Four Macro Rates Views – Goldman Sachs

5 May 2016, 13:27
Roberto Jacobs

Four Macro Rates Views – Goldman Sachs

Francesco Garzarelli, Research Analyst at Goldman Sachs, lists down his views in macro rates space.

Key Quotes

1. In the US, there is scope for 2-year yields to continue to climb higher, extending a trend started in 2013. We would regard yield levels at or below 70bp on the benchmark 2-year T-Note as providing a good entry point into short positions. The Fed Fund futures discount at most 50bp cumulative hikes between now and May 2018 – well below what our US team projects, even allowing for downside risks.

2. At the same time, US ‘break-even’ inflation has further room to rise.

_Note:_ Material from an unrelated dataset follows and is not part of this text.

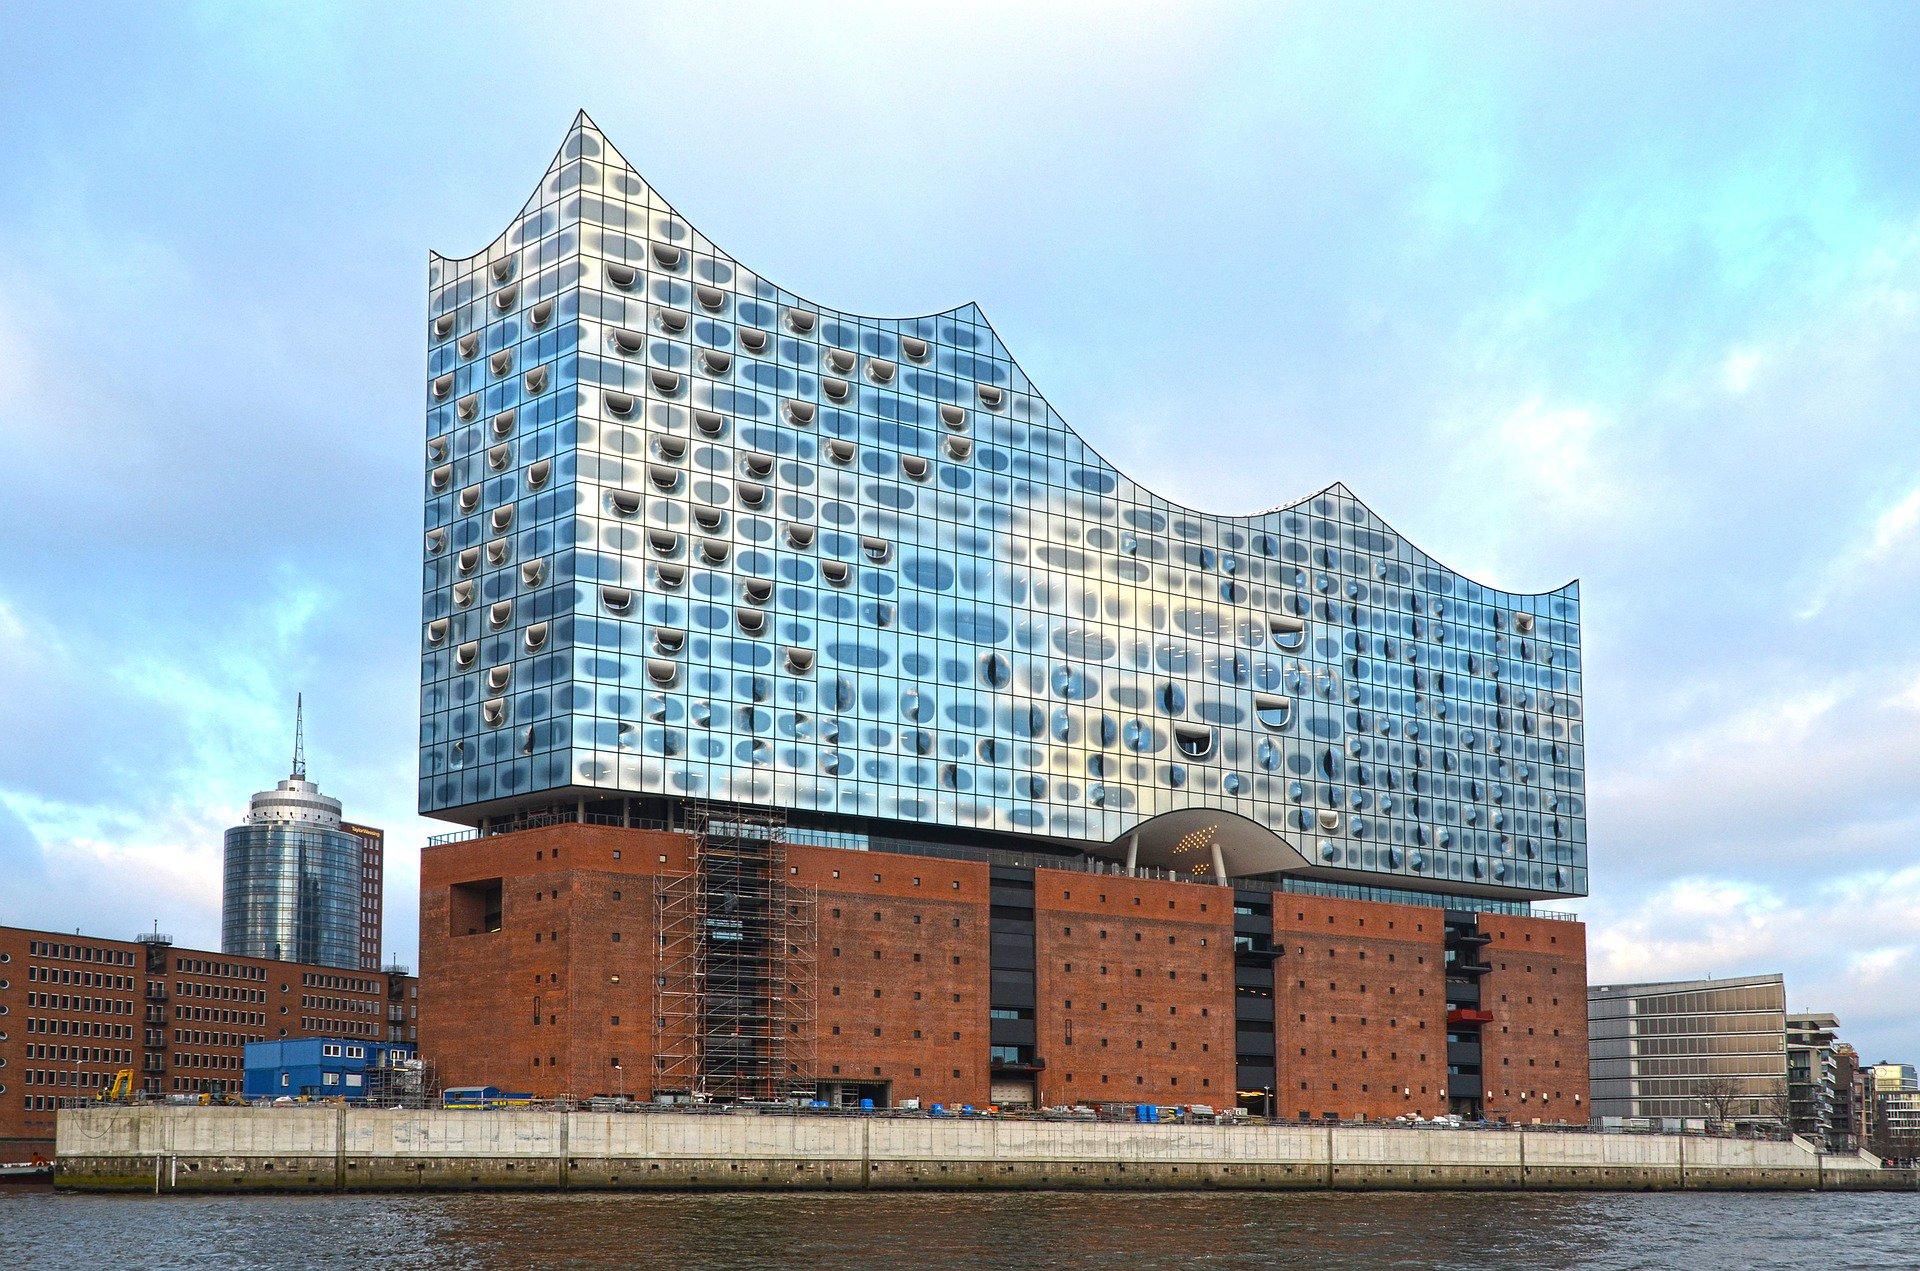 Elbphilharmonie Hamburg architecture

Our analysis of the most ‘price sticky’ categories in the CPI basket (e.g., services, rents) suggest that core inflation remains on an upward trajectory. We expect it to rise from the current rate of 2.2%. Headline CPI will gradually catch up, as base effects from energy dissipate in the remainder of the year. Our forecast for CPI is 2.4% next year, and above 2% in the following 2 years. For reference, 2-year ‘break-evens’ trade at 1.4% and 5-year at 1.5%.

3. In the Euro area, the slope of the EUR yield curve is too flat between 5- and 30-year maturities (currently at 110bp, using mid-market swaps). Part of the incremental ECB purchases under the QE program will be allocated to corporate credit and regional debt, alleviating the downward pressures on ‘core’ rates. There are signs that national DMOs are responding to low long-end rates by increasing their supply of long-end bonds. Looking only at syndicated deals, the median maturity at issuance weighted by deal size has increased from around 8.5 years to 14 years since the ECB QE started in March 2015 relative to the two years prior. Last but not least, the recovery in nominal GDP is progressing.

4. In Japan the differential between 5- and 30-year JGBs, currently at 50bp, is extremely depressed. This is the result of the BoJ’s ‘pincer move’ of negative rates and increased secondary market purchases of longer-dated bonds. With the launch of a fiscal expansion, and greater central bank accommodation, we see scope for the long end to steepen back, and break-even inflation to rise (10-year break-even, for reference, trades at 30bp).”